Why Mediate/Collaborate?

Traditionally, the request from one of the spouses or intended spouses for a Premarital Agreement was the beginning of a painful process that often drove a wedge between two people who were supposed to love each other.  It was handled only by attorneys, and the process began with what was usually an extremely one-sided draft being presented by the requesting fiancé or spouse as a fait accompli to his or her fiancé or spouse. The attorneys then exchanged and battled over drafts of the “Agreement,” creating a “we-they” situation that felt adversarial and threatening, building mistrust and disharmony in an otherwise secure marriage or on the eve of what was supposed to be the happiest day of parties’ lives.  Often, the spouse being asked to sign a Premarital Agreement felt that the Agreement was being forced on him or her and felt mistrusted, unprotected and uncared for by the other spouse.  The spouse requesting the Premarital Agreement then interpreted the reluctant spouse’s objections as being greedy and selfish.

Even if the request itself did not create this atmosphere of mistrust, the ongoing battle between the attorneys robbed the couple of their own voice, and made what should have been a joint planning process into an adversarial one.

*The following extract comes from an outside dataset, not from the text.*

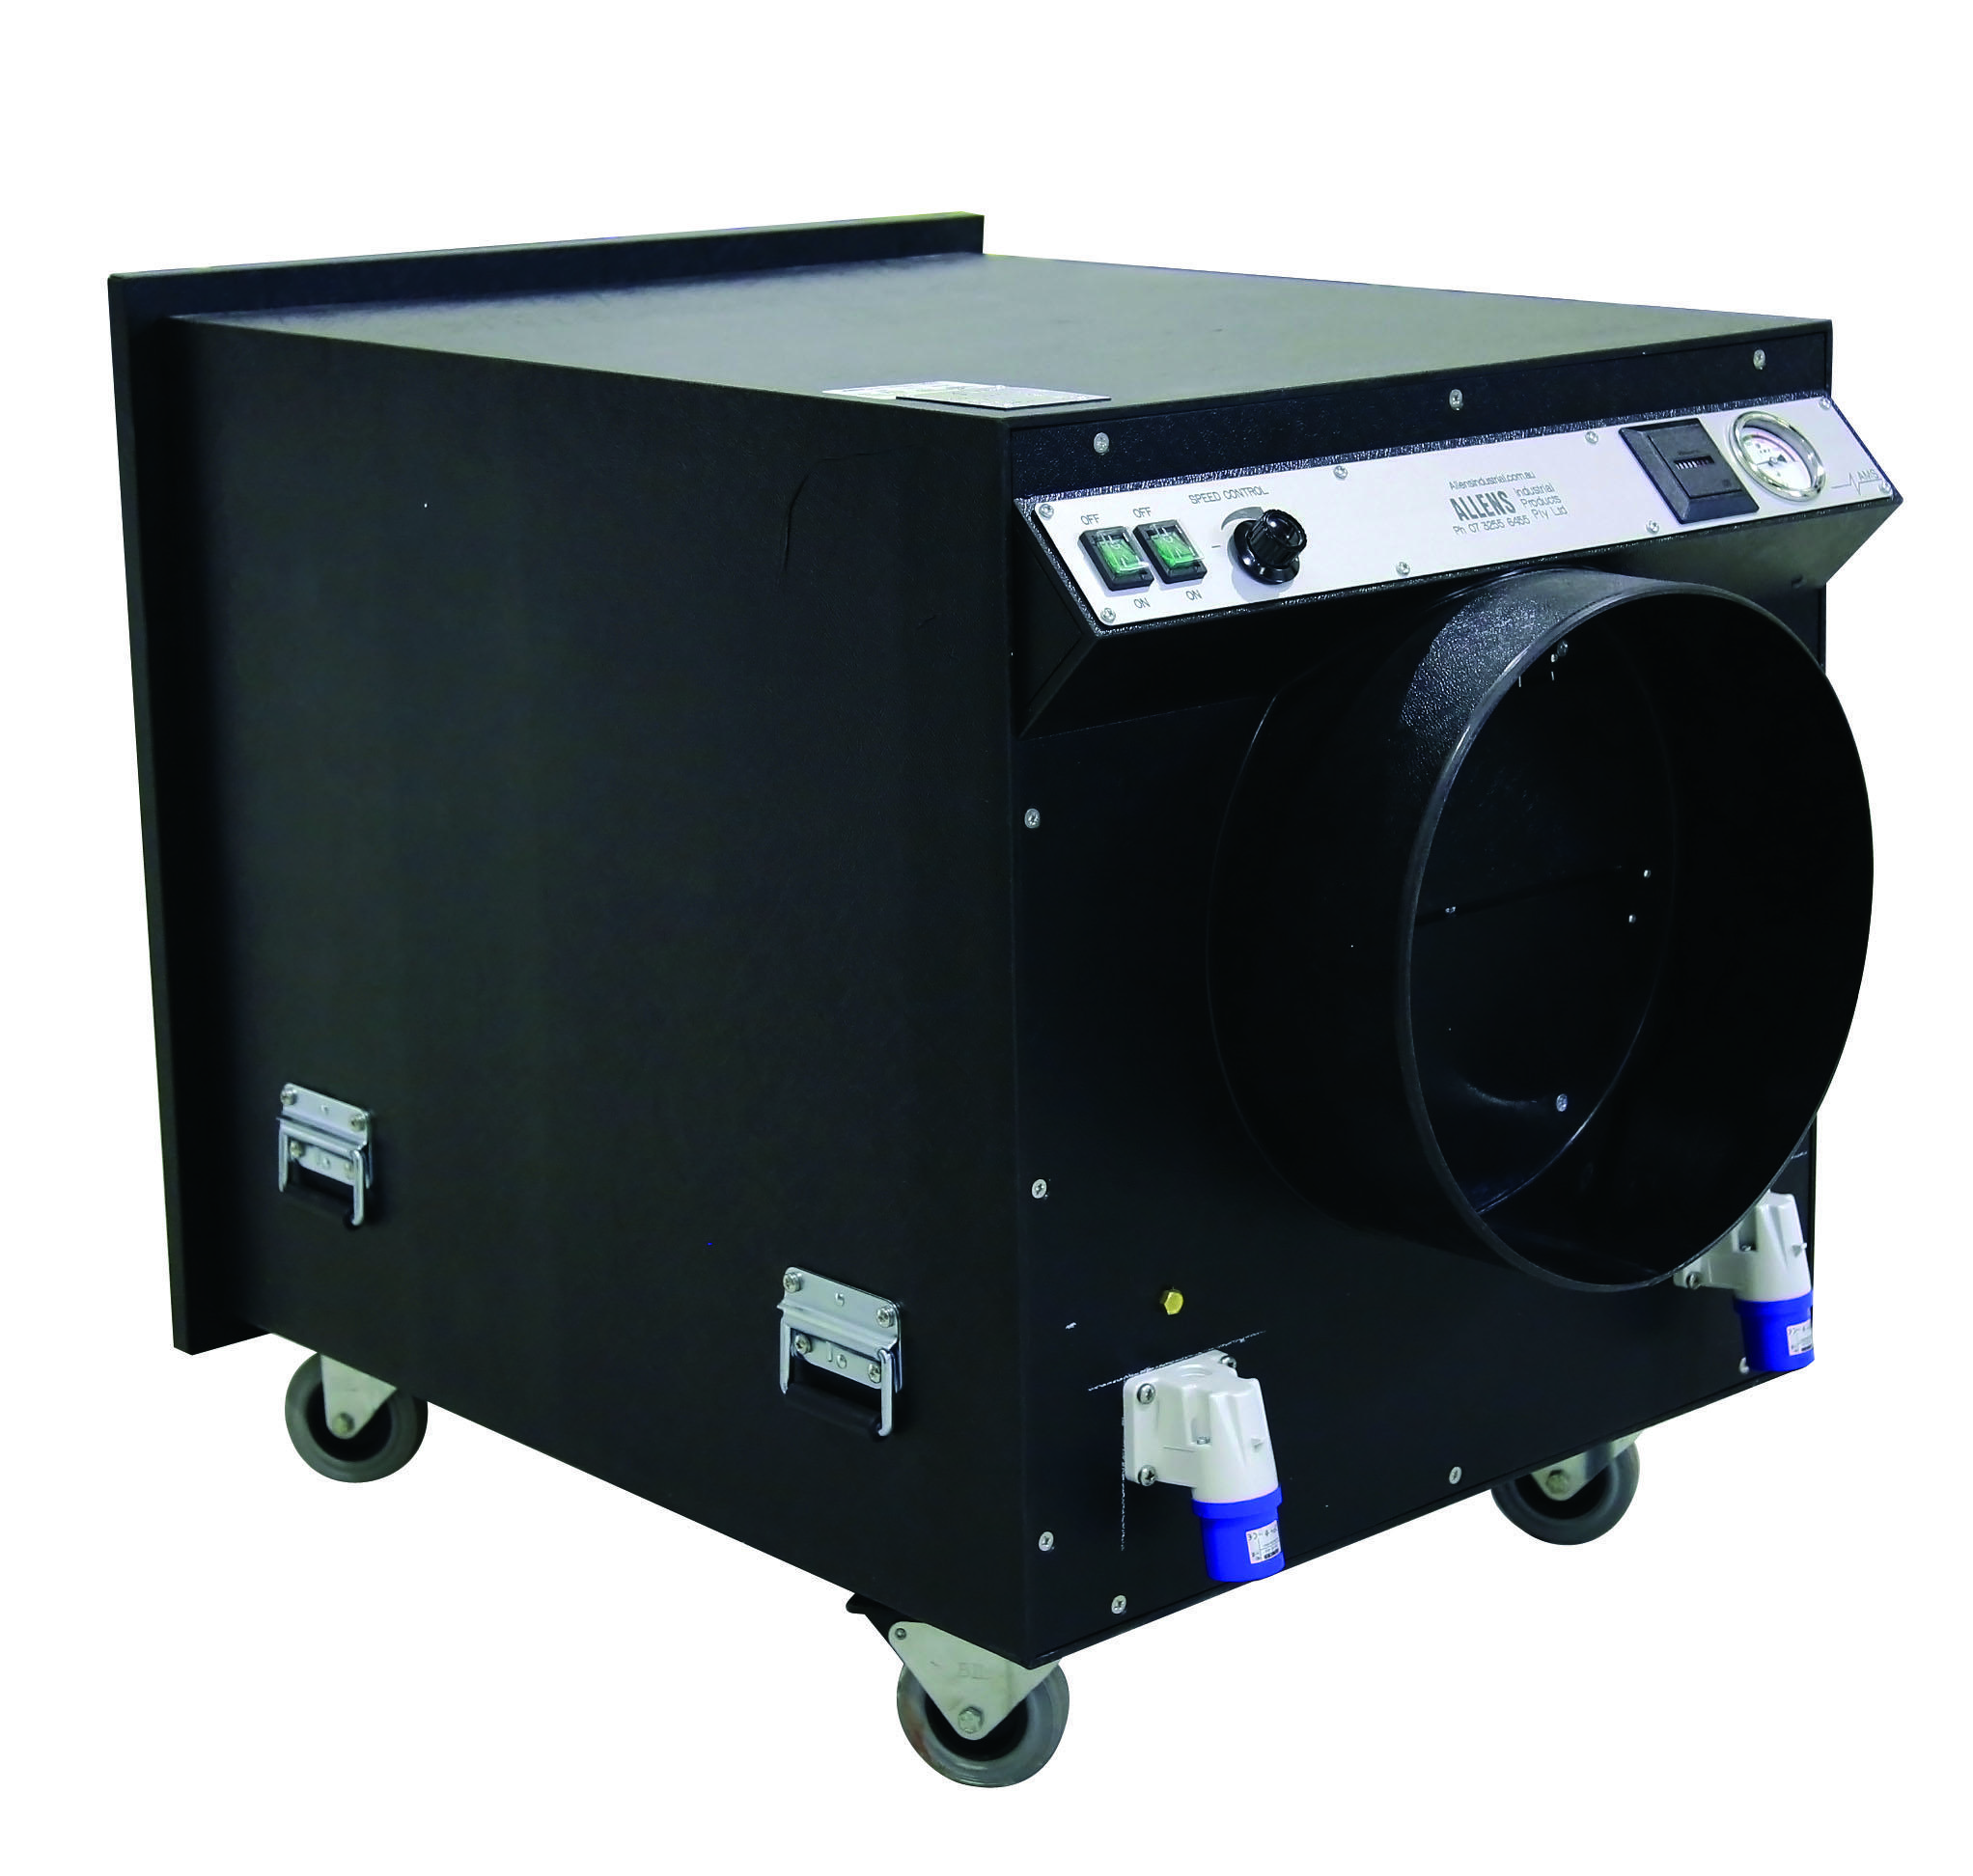 AMS4000 Negative Pressure Unit 4000

Many simply succumbed to the exhaustion of the process and signed in the end “just to be done. ”Mediation and Collaborative Practice are tailor-made for drafting Marital and Cohabitation Agreements, as mediators and collaborative attorneys are trained in mediation and interest-based collaborative negotiation. These processes encourage both parties to develop their goals for the relationship and one another, and to take one another’s concerns and goals into account. These two processes are also well suited in that the parties create and draft their Agreement together, more as a planning process than an adversarial one.